[MATERIAL FOR THIS TASK Boundary: Start]

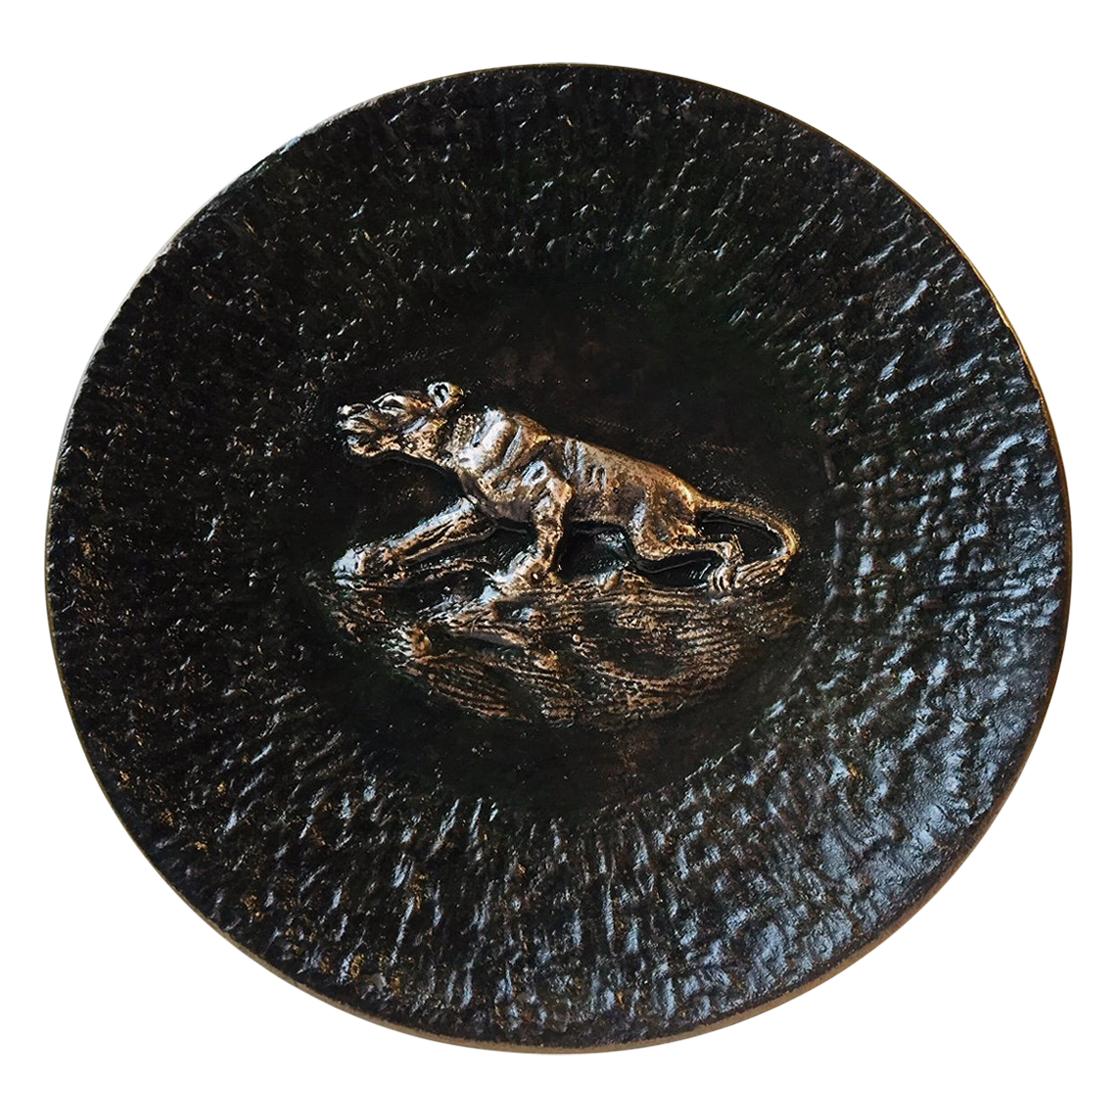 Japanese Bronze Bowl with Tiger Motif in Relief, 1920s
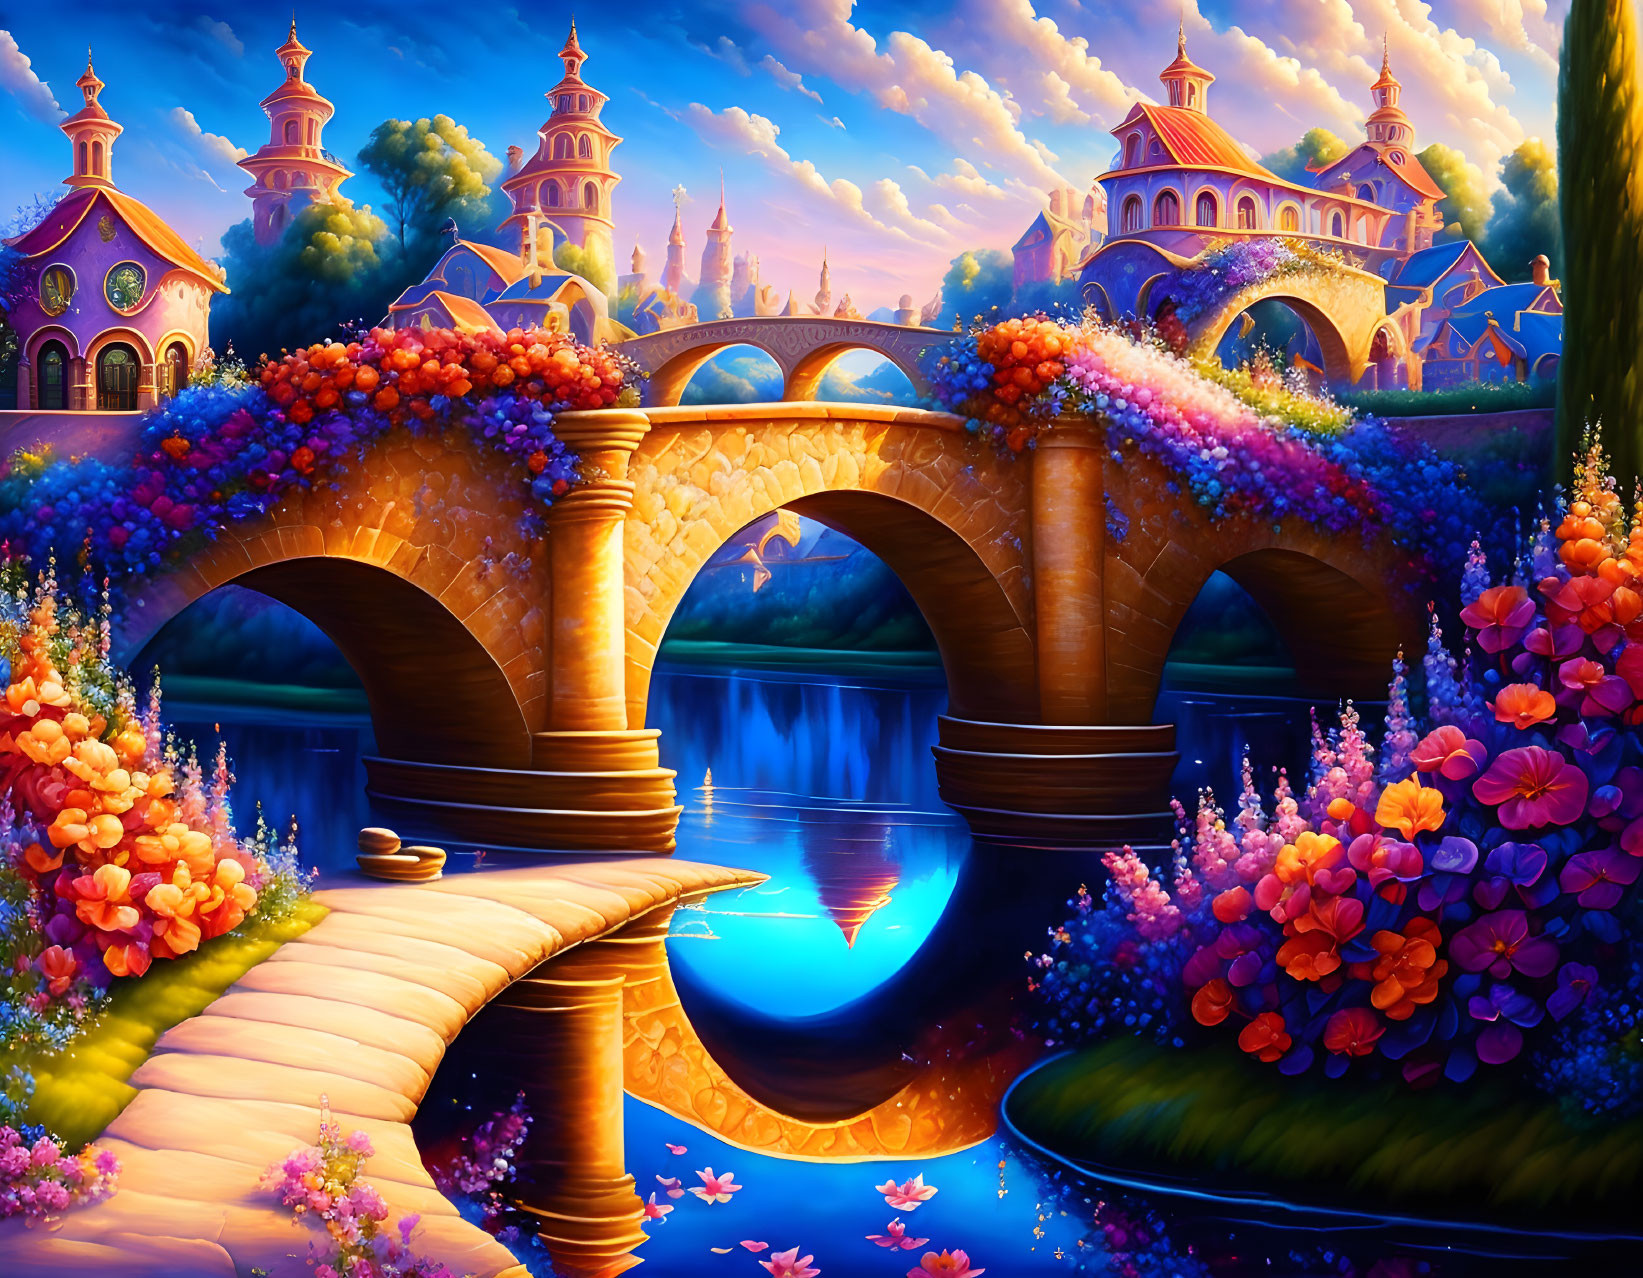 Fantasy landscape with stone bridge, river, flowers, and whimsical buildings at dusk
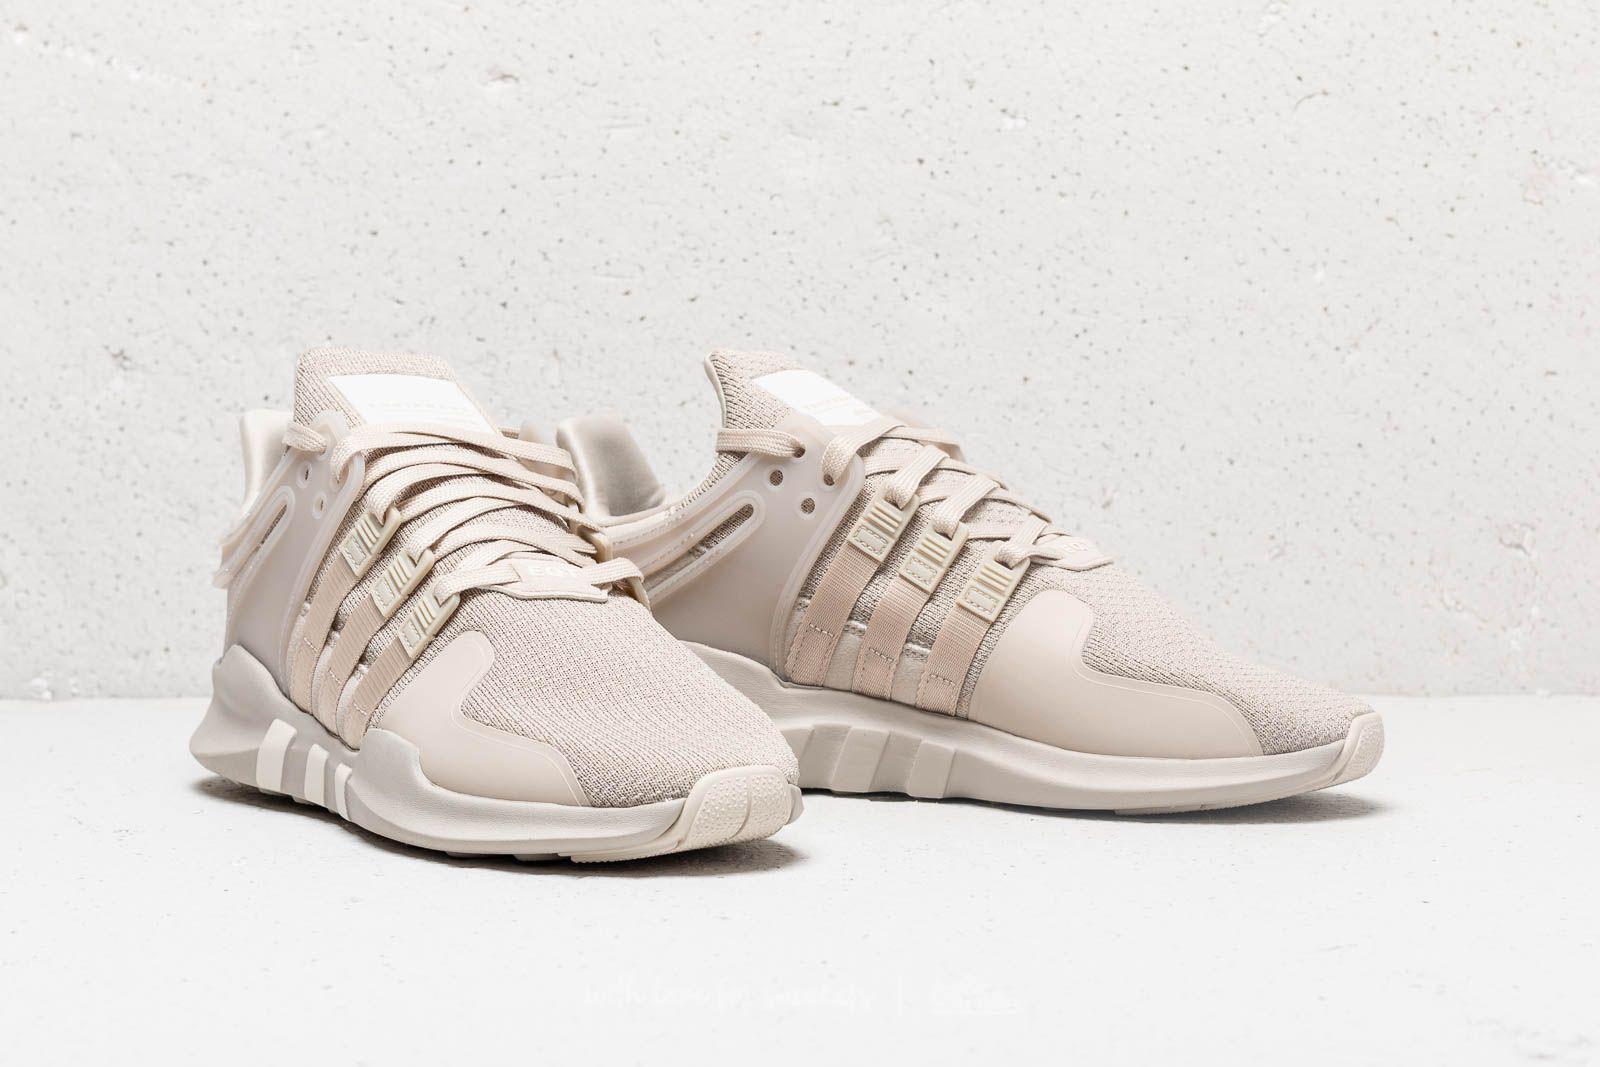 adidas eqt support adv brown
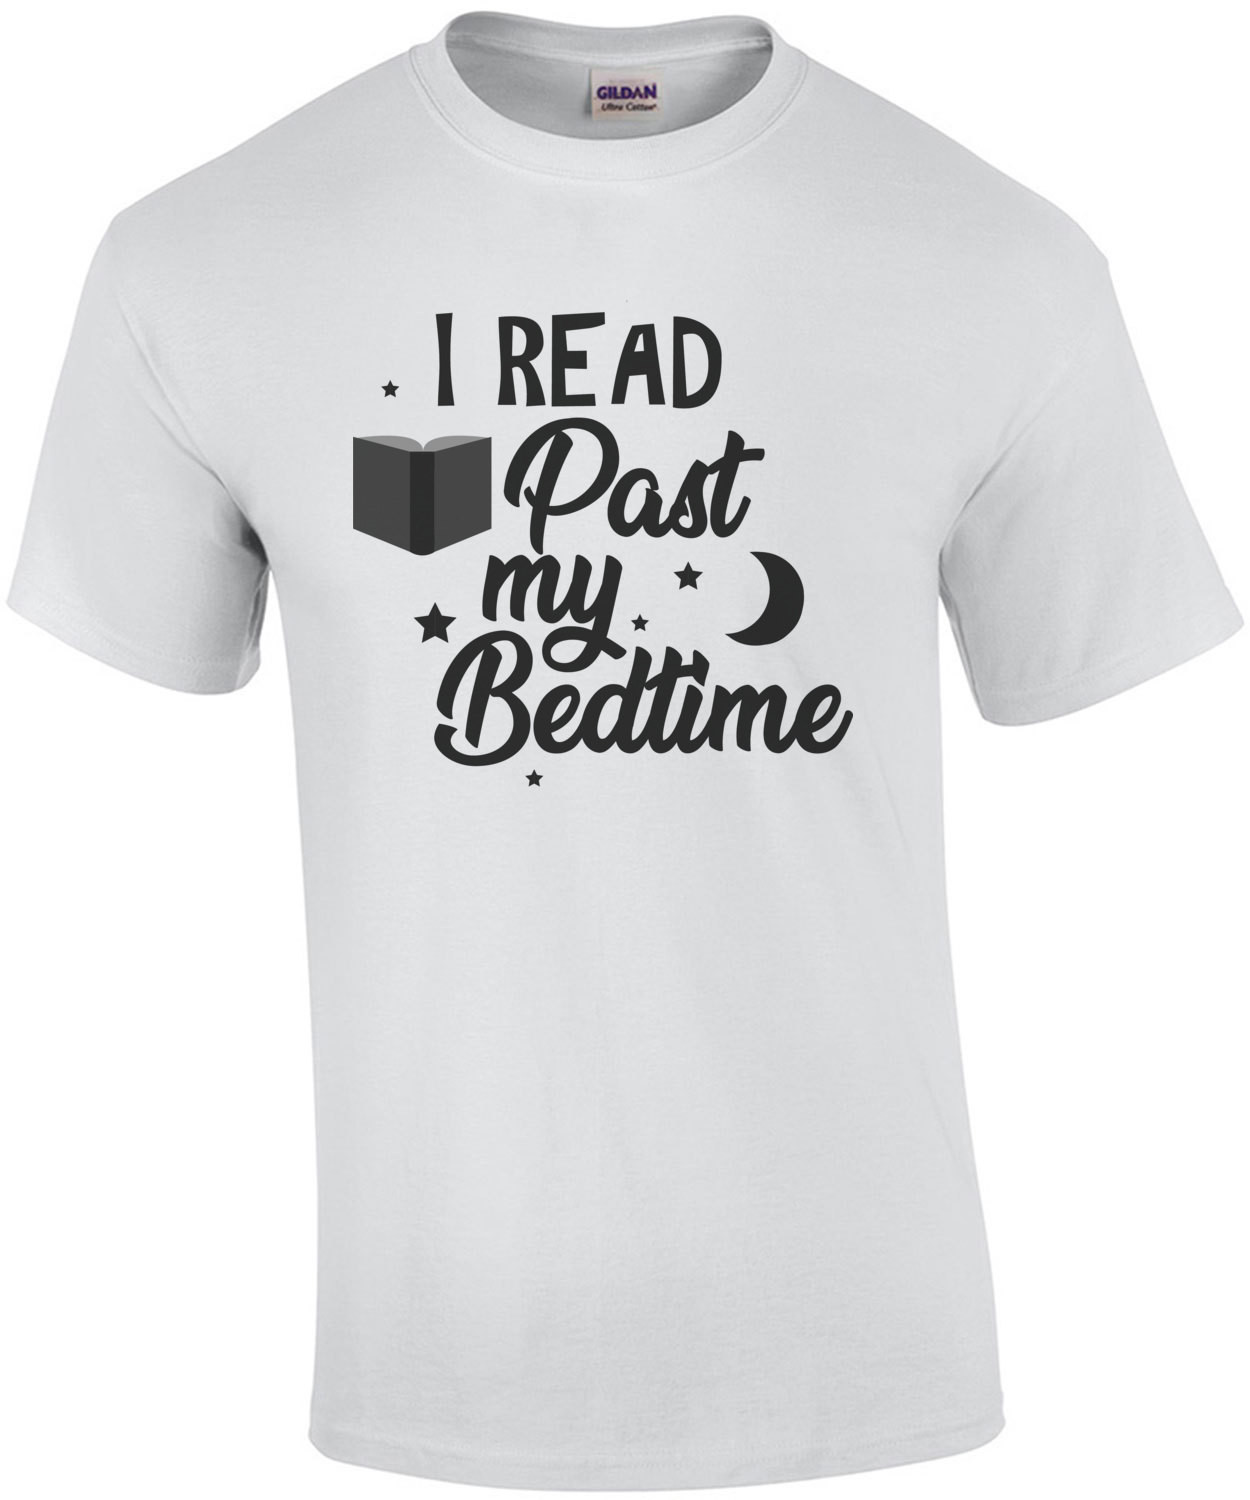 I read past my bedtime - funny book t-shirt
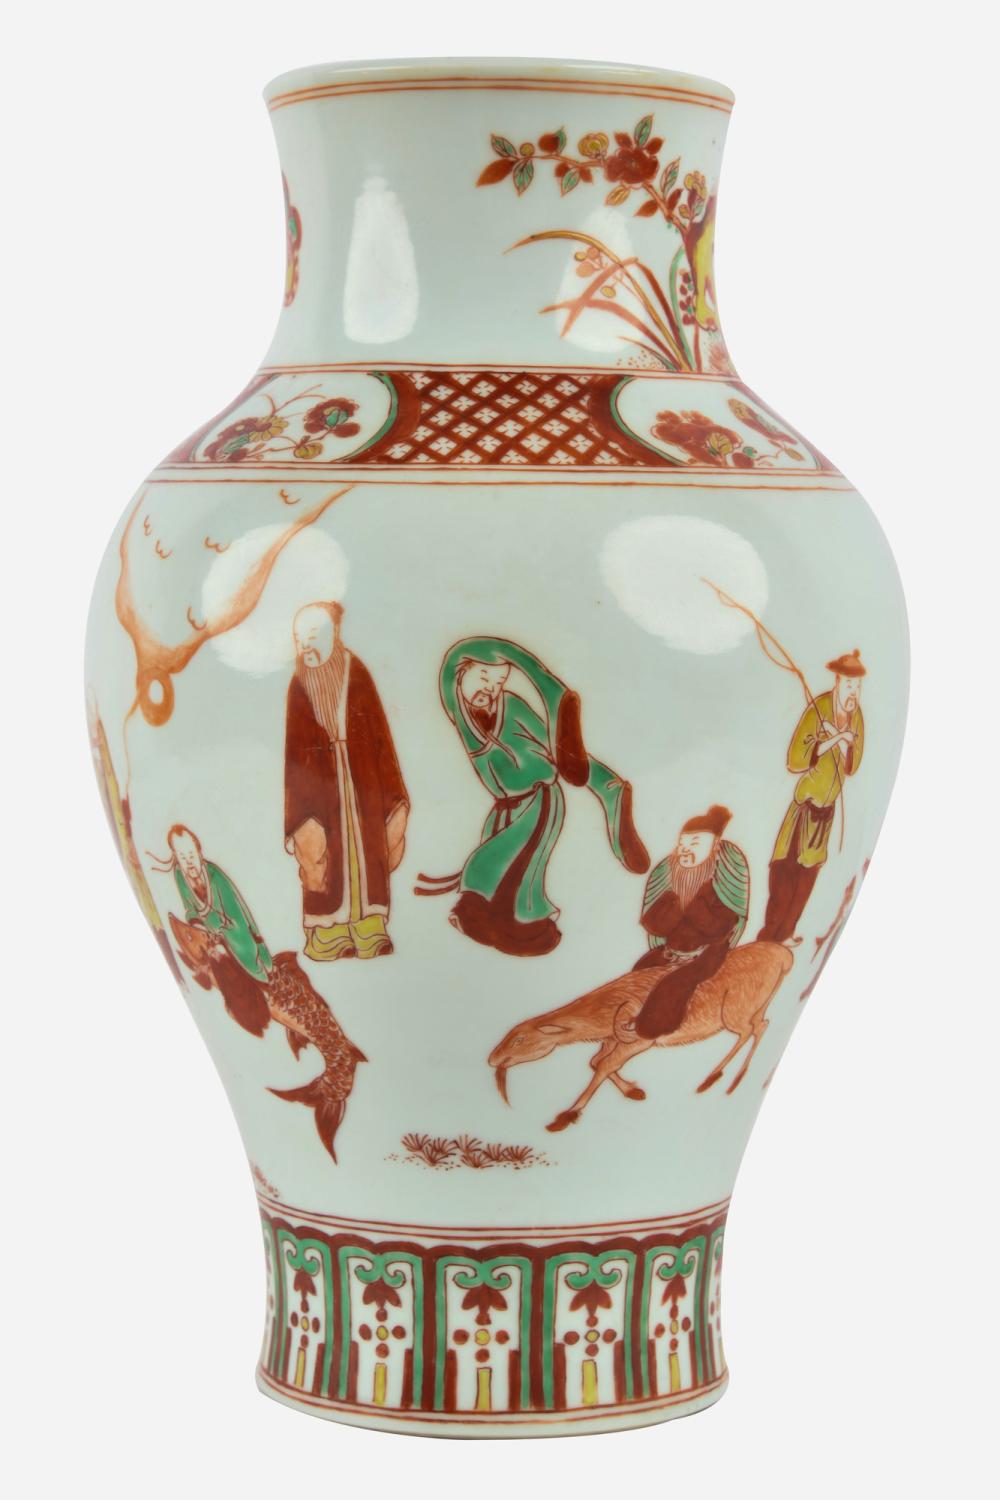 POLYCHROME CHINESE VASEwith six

[MATERIAL FOR THIS TASK Boundary: End]

## WHAT THE TASK REQUIRES
Before answering, please find the line containing "I read past my bedtime - funny book t-shirt" above, then copy exactly from it through the last line of the entries, both included, without pictures.

## TASK RESULT
 I read past my bedtime - funny book t-shirt
 POLYCHROME CHINESE VASEwith six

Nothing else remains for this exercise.